PROVIDED MATERIAL =
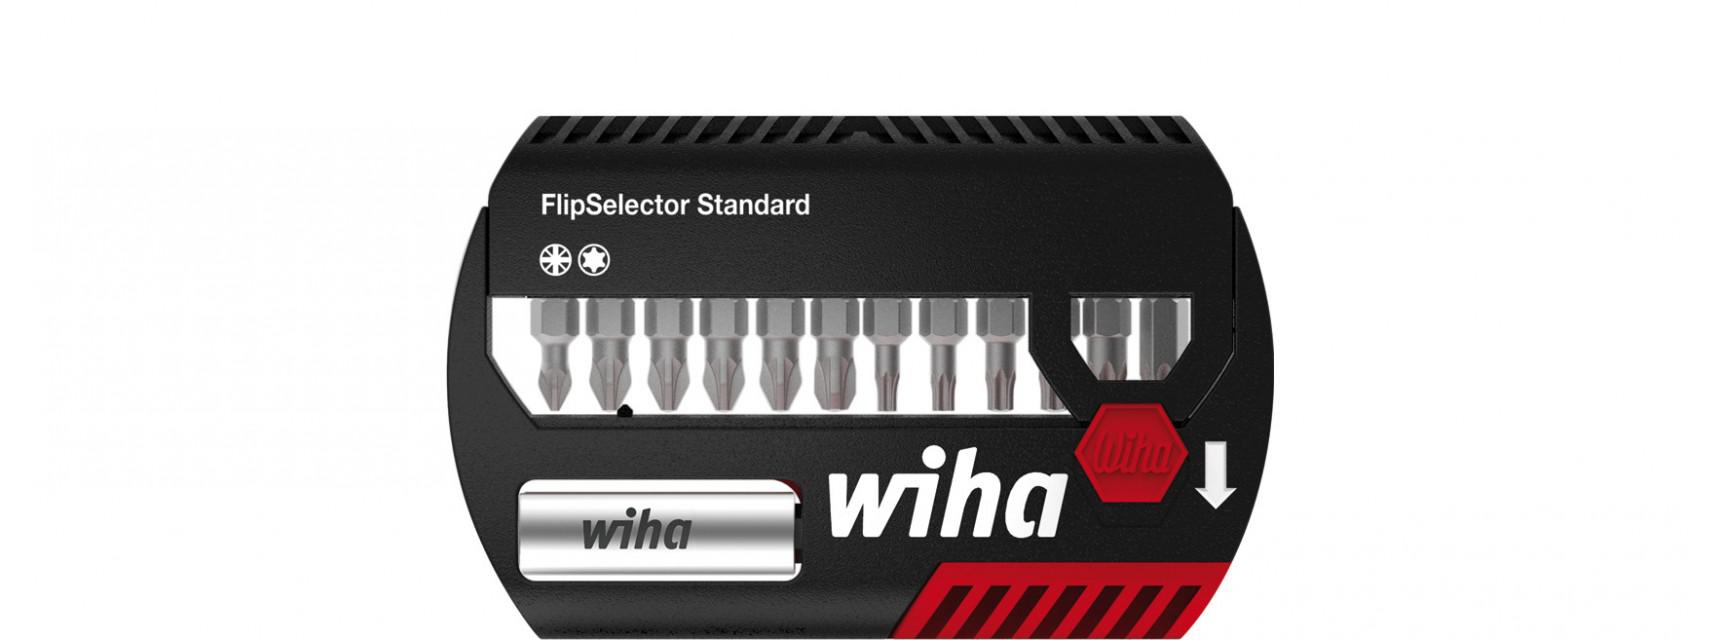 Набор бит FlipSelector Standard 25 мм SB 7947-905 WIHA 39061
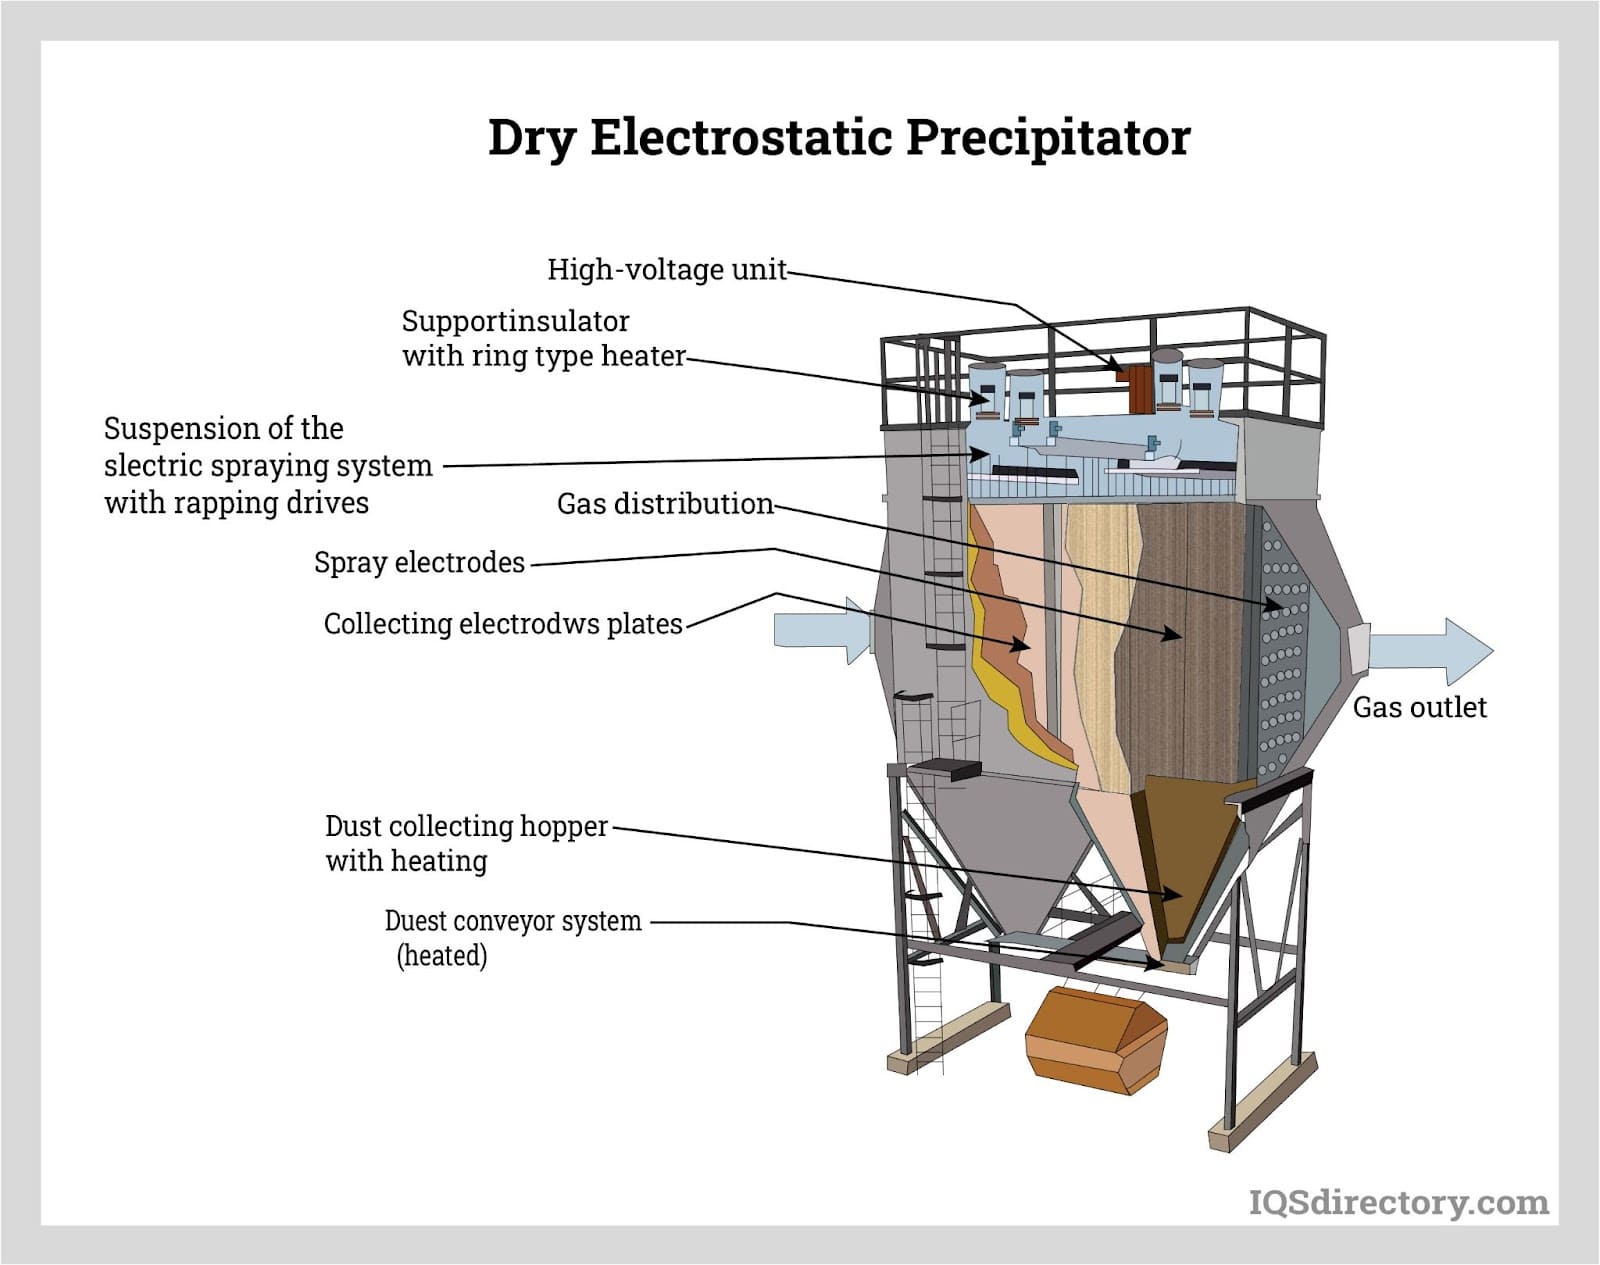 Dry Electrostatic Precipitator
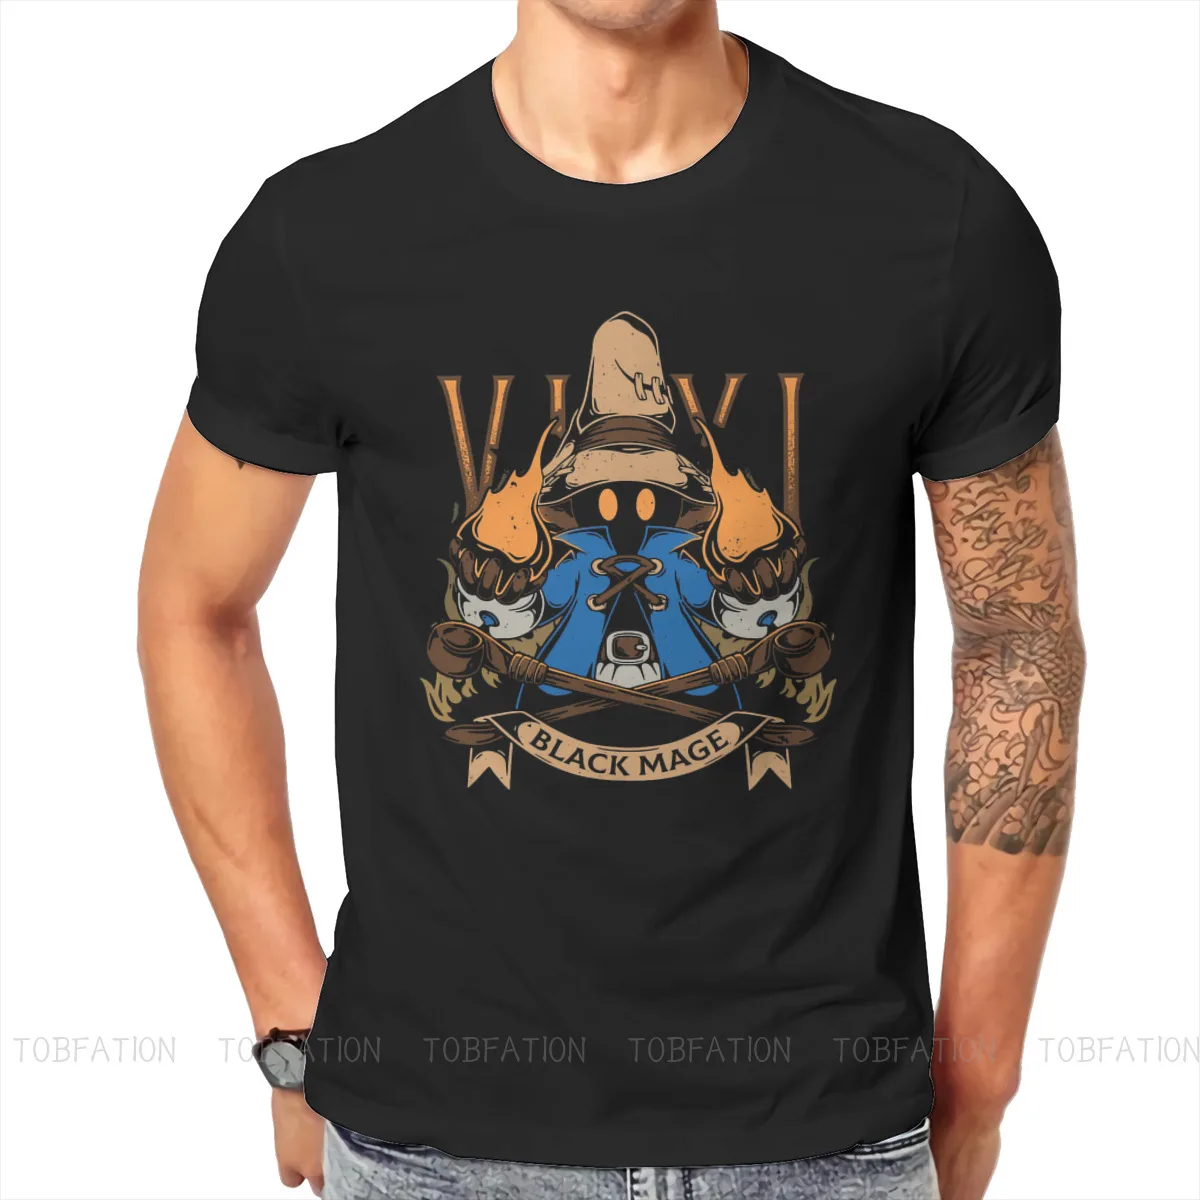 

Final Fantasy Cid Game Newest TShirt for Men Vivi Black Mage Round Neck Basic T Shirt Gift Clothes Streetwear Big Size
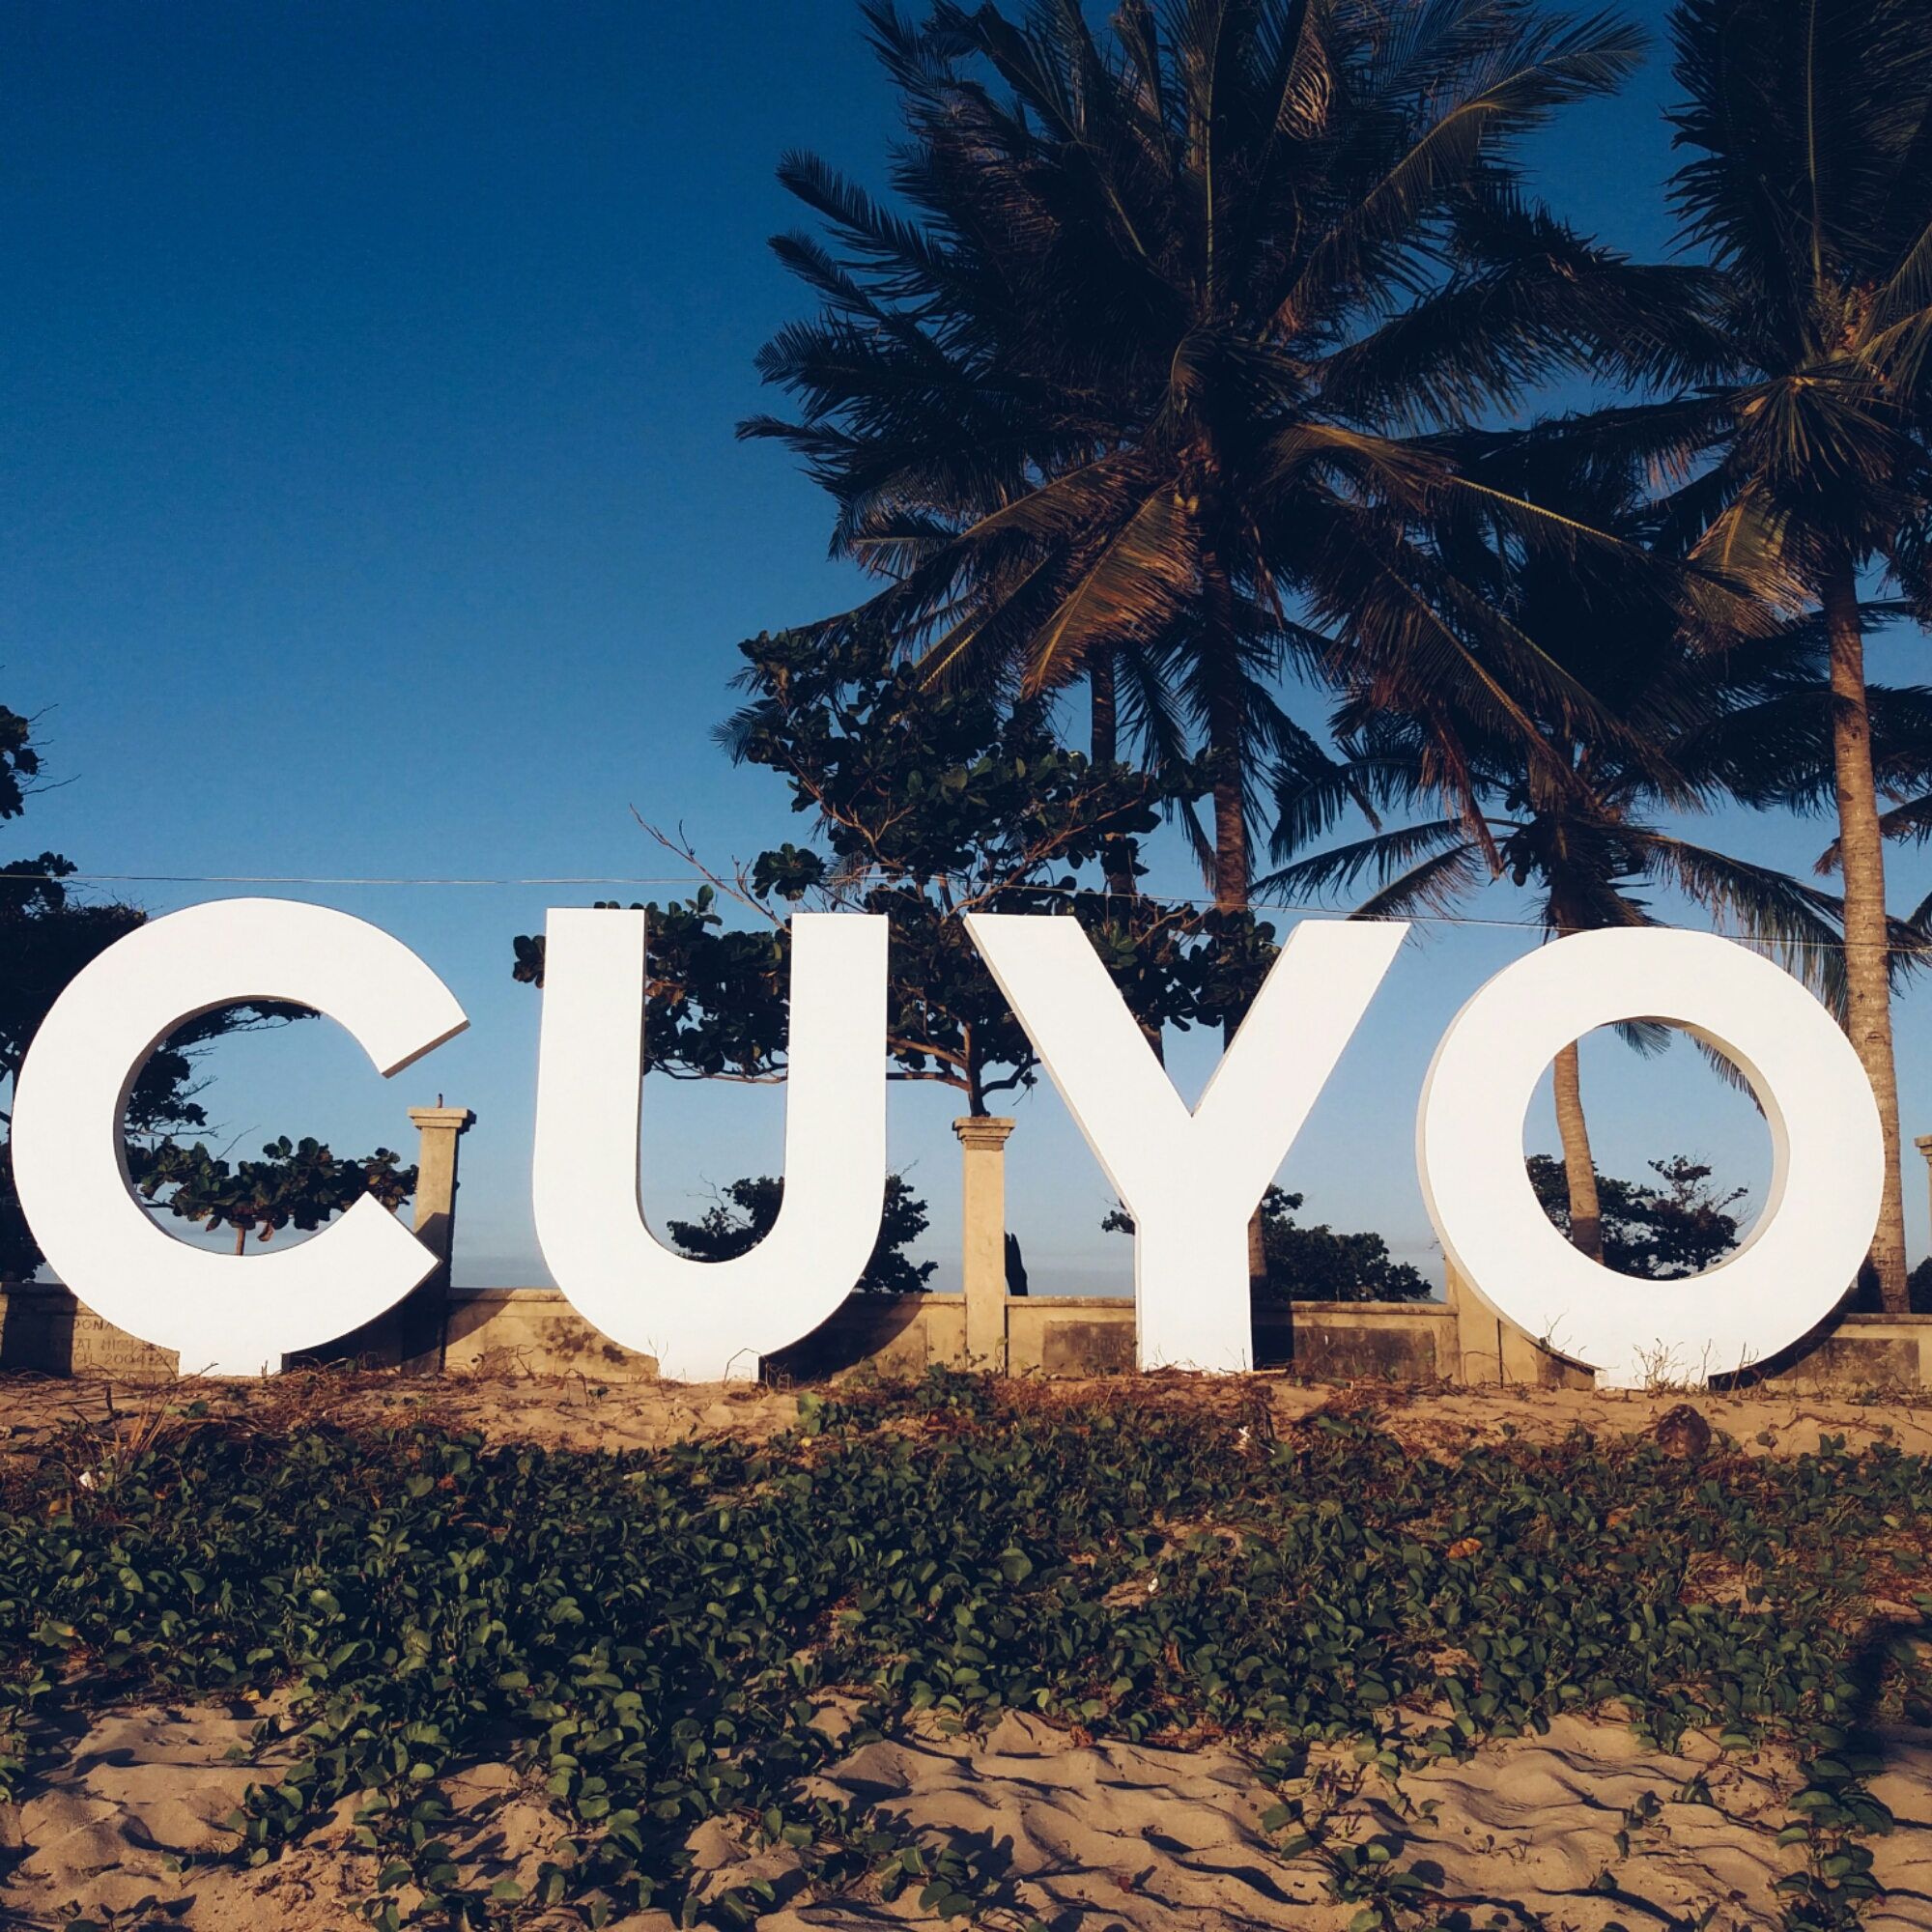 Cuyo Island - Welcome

EXERCISE INSTRUCTIONS =
Everything in the data except the pictures should be restated word for word.

THE COMPLETED TASK =
 Набор бит FlipSelector Standard 25 мм SB 7947-905 WIHA 39061
 Dry Electrostatic Precipitator

Final Fantasy Cid Game Newest TShirt for Men Vivi Black Mage Round Neck Basic T Shirt Gift Clothes Streetwear Big Size
 Cuyo Island - Welcome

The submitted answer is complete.